Given that Delta will be a capacity system it’s expected to handle a wide variety of domains. “We do have a number of applications that we put in our proposal. We’ve also got things in new areas, and we’re doing a lot of work in digital agriculture right now. There’s also digital archaeology. There’s, of course, the current crisis that affects our choices. There’s some great opportunities for COVID-19 response and other planning.

“One of the ways we’re addressing having so many applications is partnering with the Science Gateways Community Institute (SGCI). So GPU-enabled gateways are going to be an important part of this. We also have an accessibility group in our College of Applied Health Sciences here at Illinois to help us look at accessibility issues for the interfaces,” he said.
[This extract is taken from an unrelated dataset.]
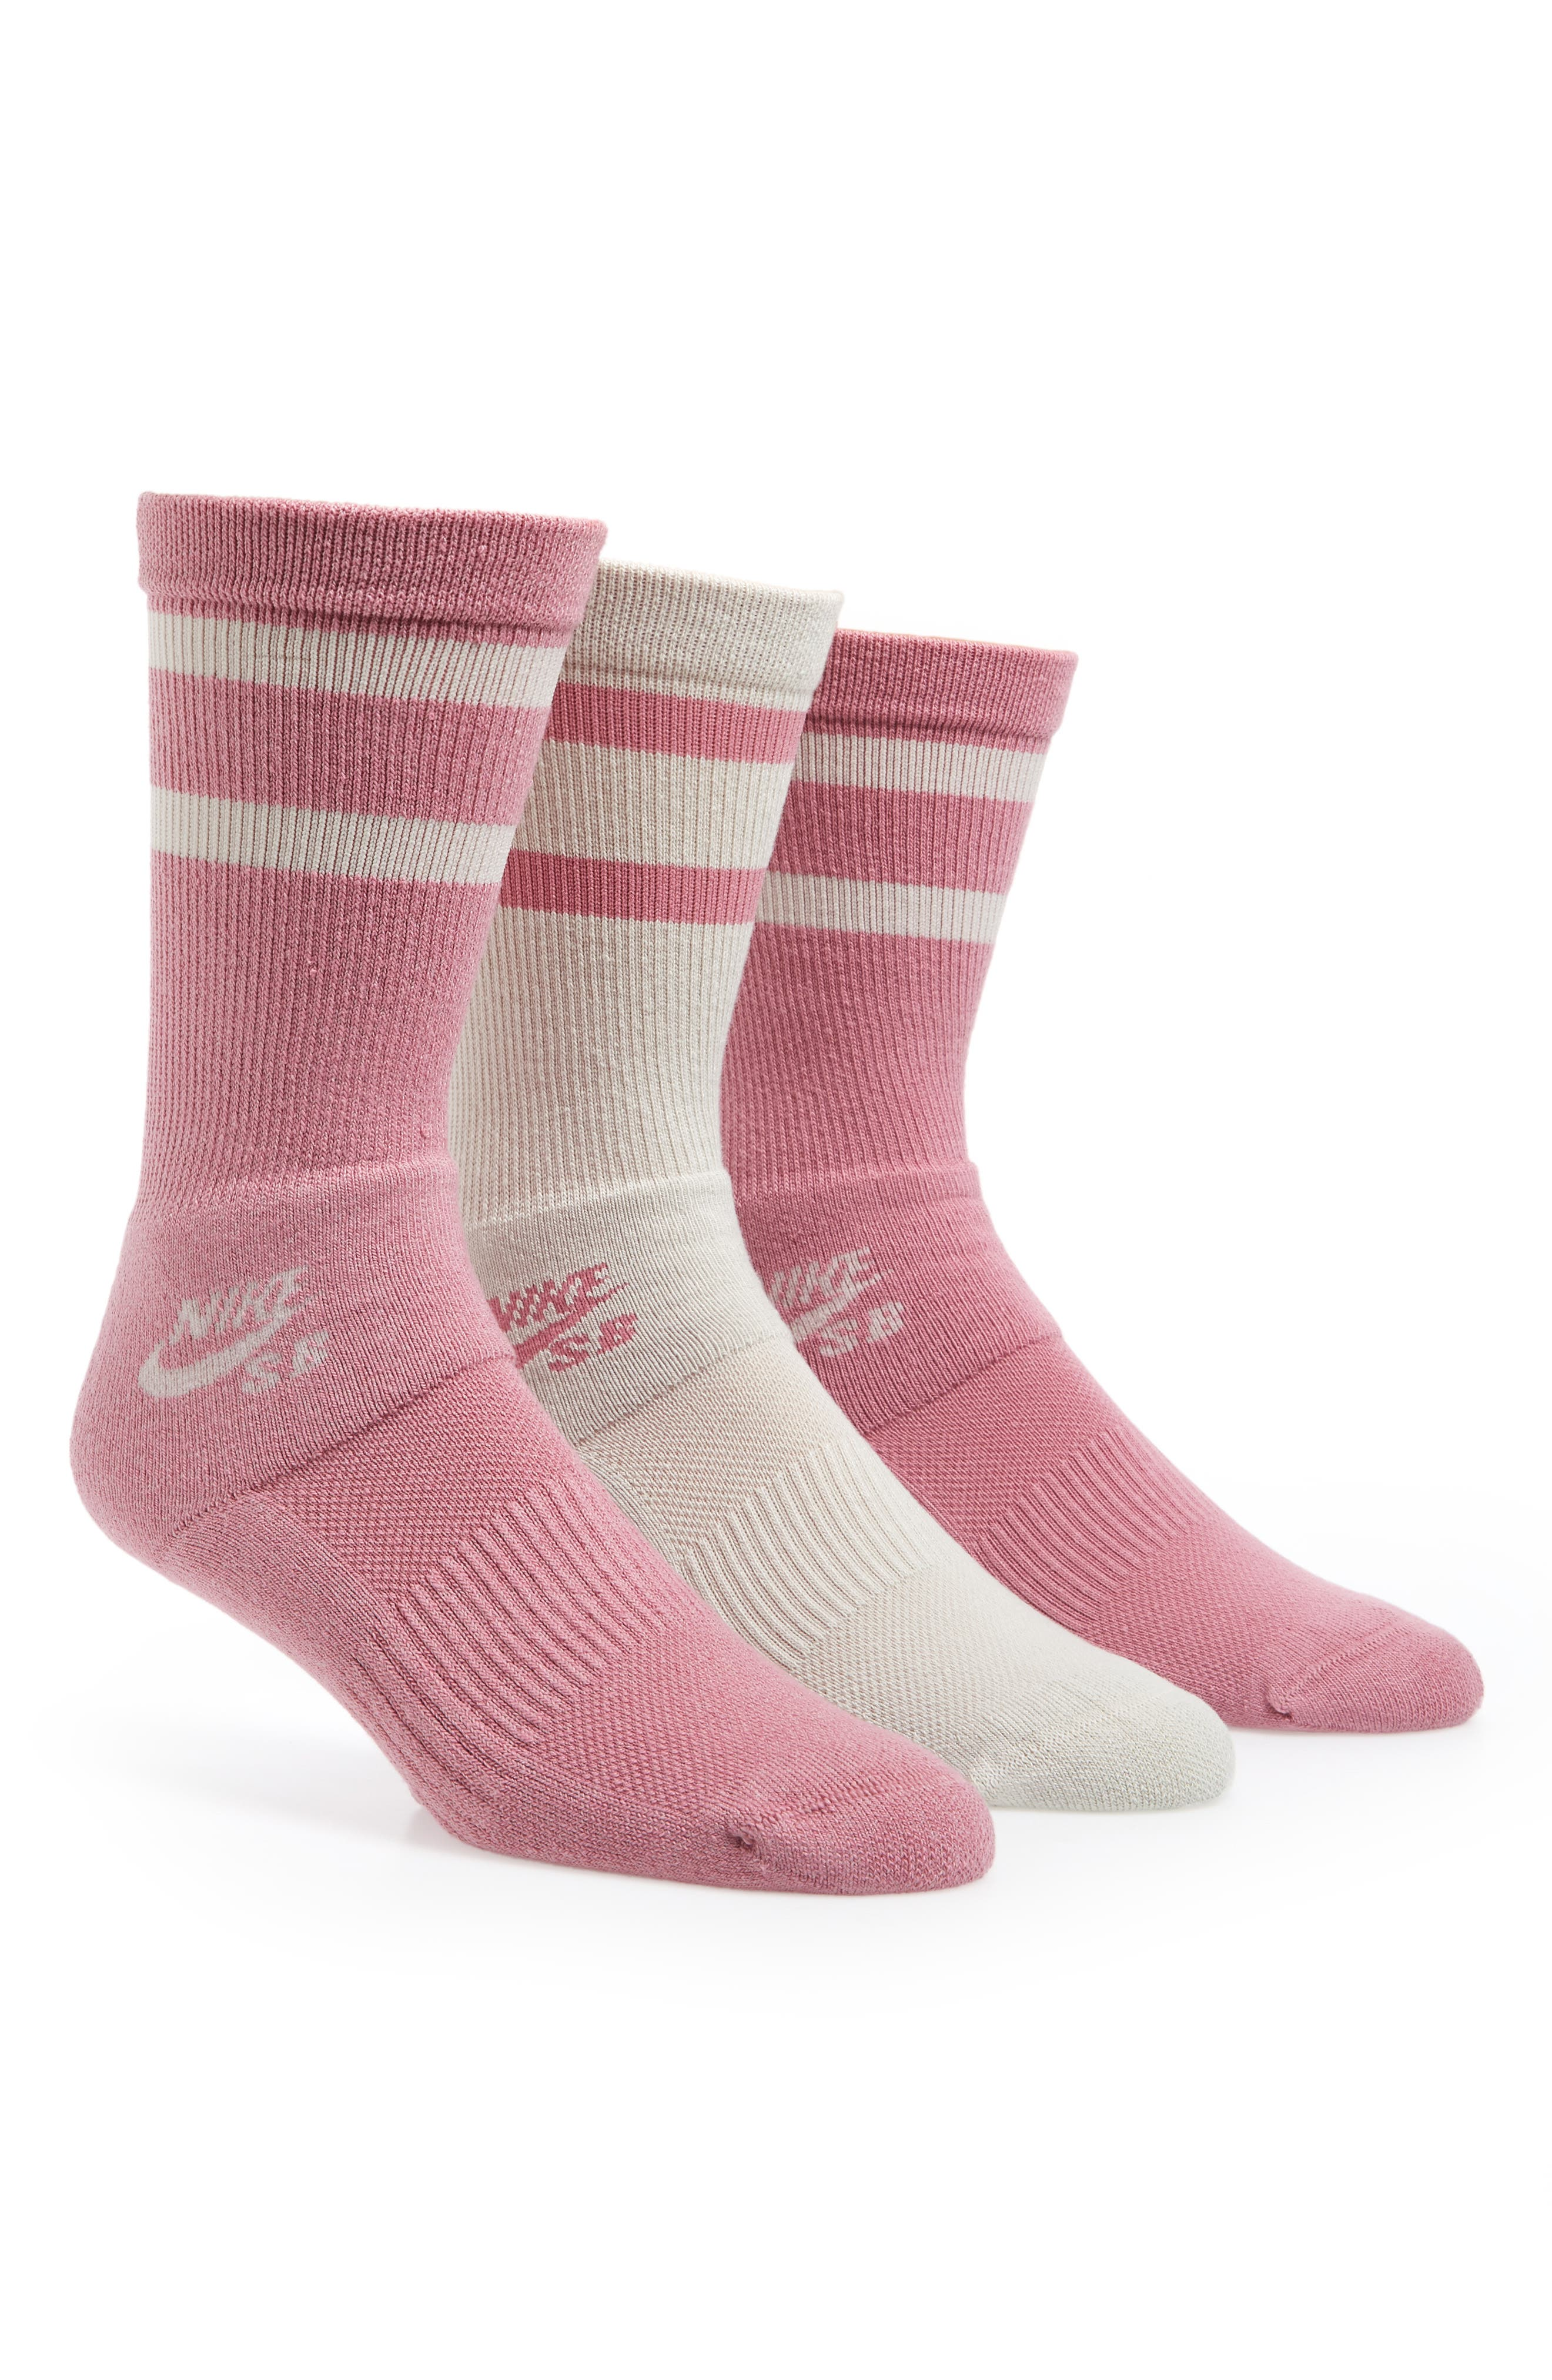 SB 3-Pack Crew Socks,                             Main thumbnail 1, color,                             Pink

No doubt there is some sting for NCSA in losing the big track one award to TACC last year (Frontera) which had a $60 million price tag. The Blue Waters contract was around $188 million. Except for exascale systems which are DoE-funded and not NSF systems, the new reality seems to be more modest sized machines. Time will tell. The $10 million size of the Delta award is actually the top amount allowed under the program and is similar to what Indiana University was awarded for its Jetstream 2 cloud system announced yesterday.

The Delta project is led by Gropp as principal investigator. He’s joined by co-PIs and NCSA colleagues, Gregory Bauer, senior technical program manager, Brett Bode, assistant director for the Blue Waters project, Timothy Boerner, deputy project director for XSEDE, and Amy Schuele, interim associate director of integrated cyberinfrastructure.
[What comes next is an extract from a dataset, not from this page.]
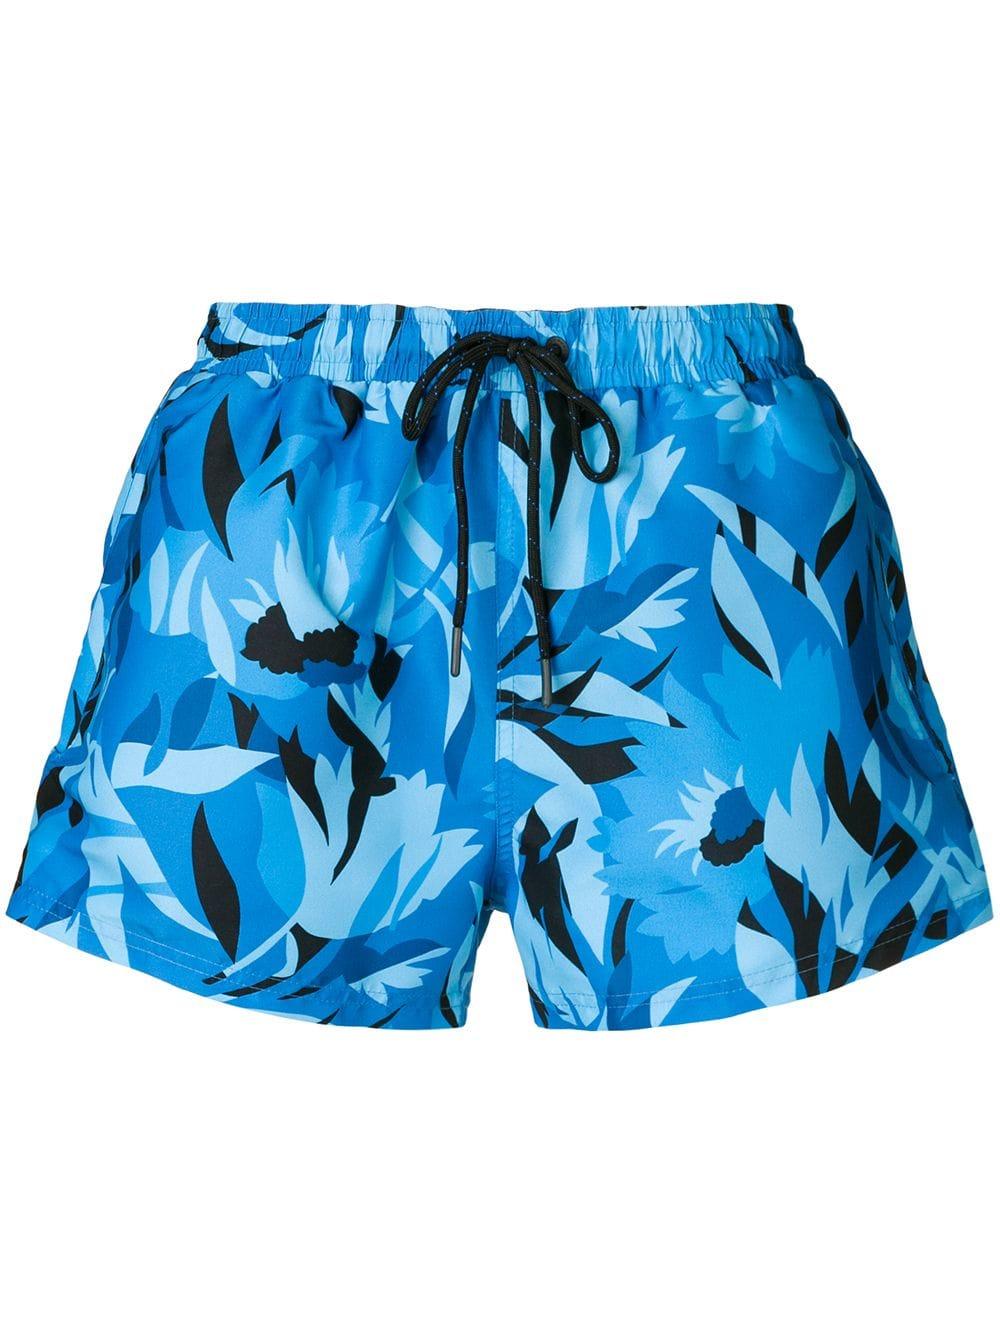 83f14ce96 BOSS HUGO BOSS BOSS HUGO BOSS BARRELEYE SWIM SHORTS - BLUE. #bosshugoboss  #cloth

In the official announcement, Gropp is quoted saying: “NCSA is excited to continue its tradition of innovation in advanced computing with the Delta system, which will bring new capabilities to the nation’s advanced research computing community. With Delta, we will help emerging research areas, such as computational archaeology and digital agriculture, take advantage of new computing methods and hardware while simultaneously making advanced computing systems more usable and accessible to a broad community of researchers.”
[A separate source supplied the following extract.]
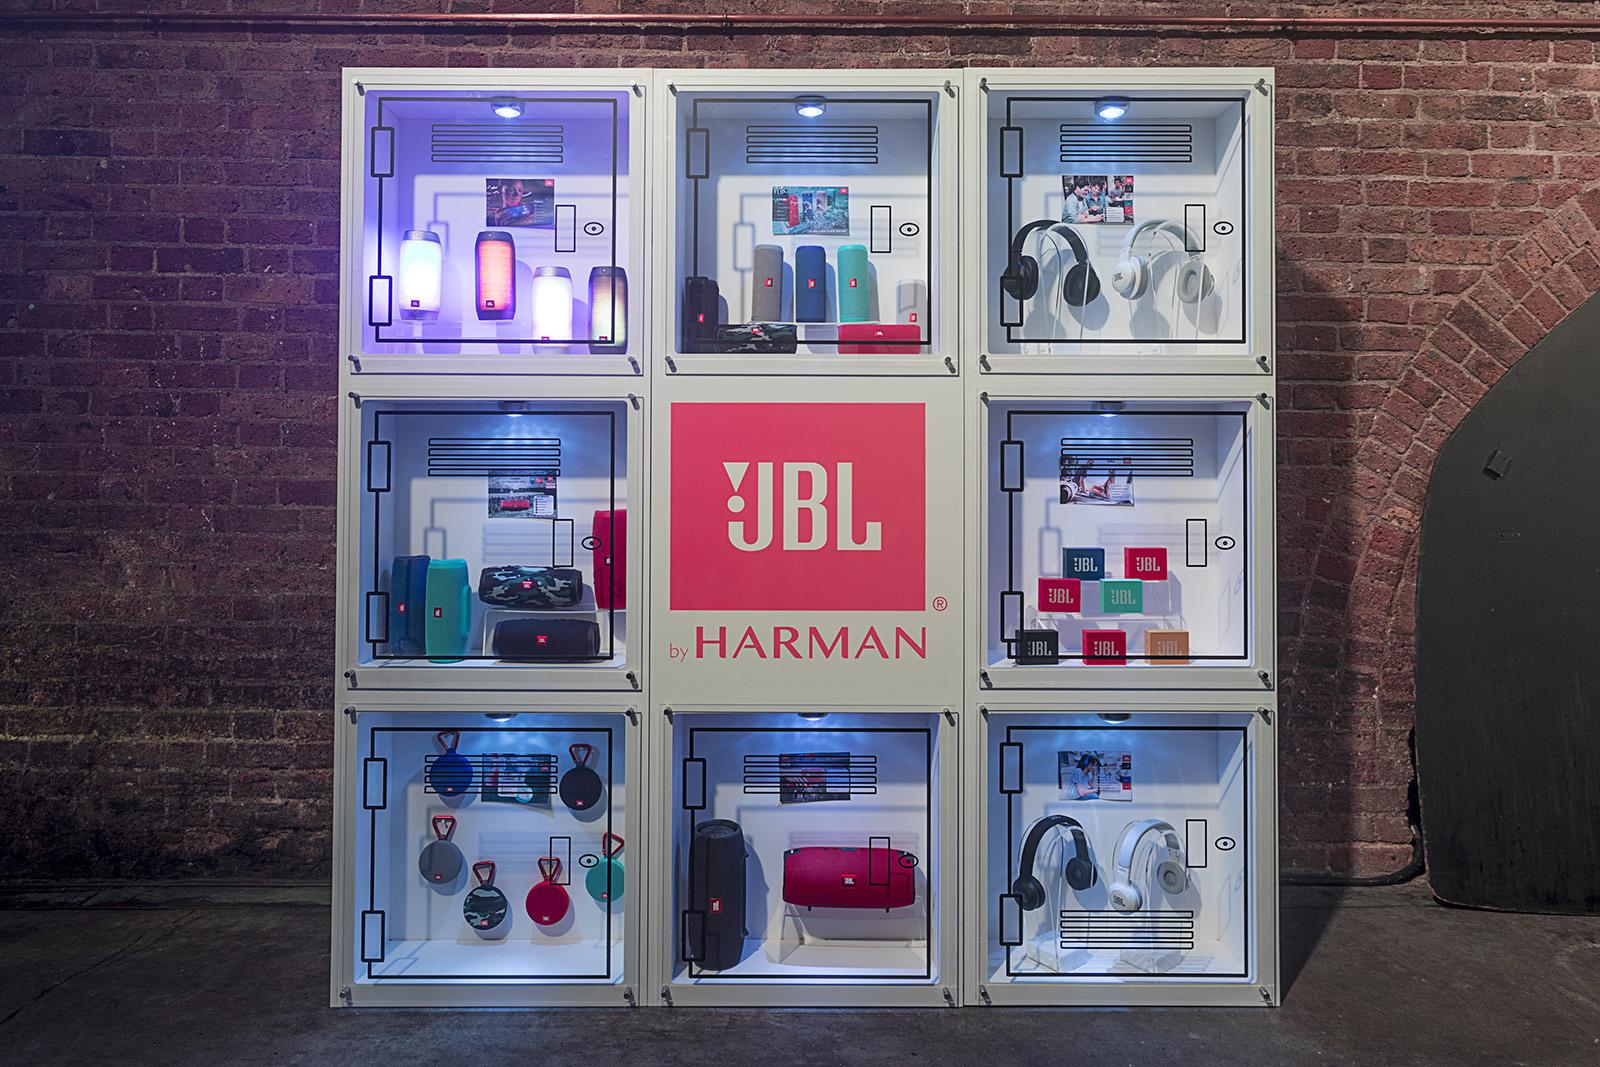 JBL-1600-7

NCSA will integrate Delta into the national cyberinfrastructure ecosystem through the Extreme Science and Engineering Discovery Environment (XSEDE), an NSF-funded virtual organization that coordinates the sharing of advanced digital services. Integration into XSEDE allows Delta to leverage the substantial portfolio of services and support offered therein and together deliver unprecedented advances in researcher productivity. This collaboration will promote synergy among multi-site workflows that include campus, national, and commercial cloud resources.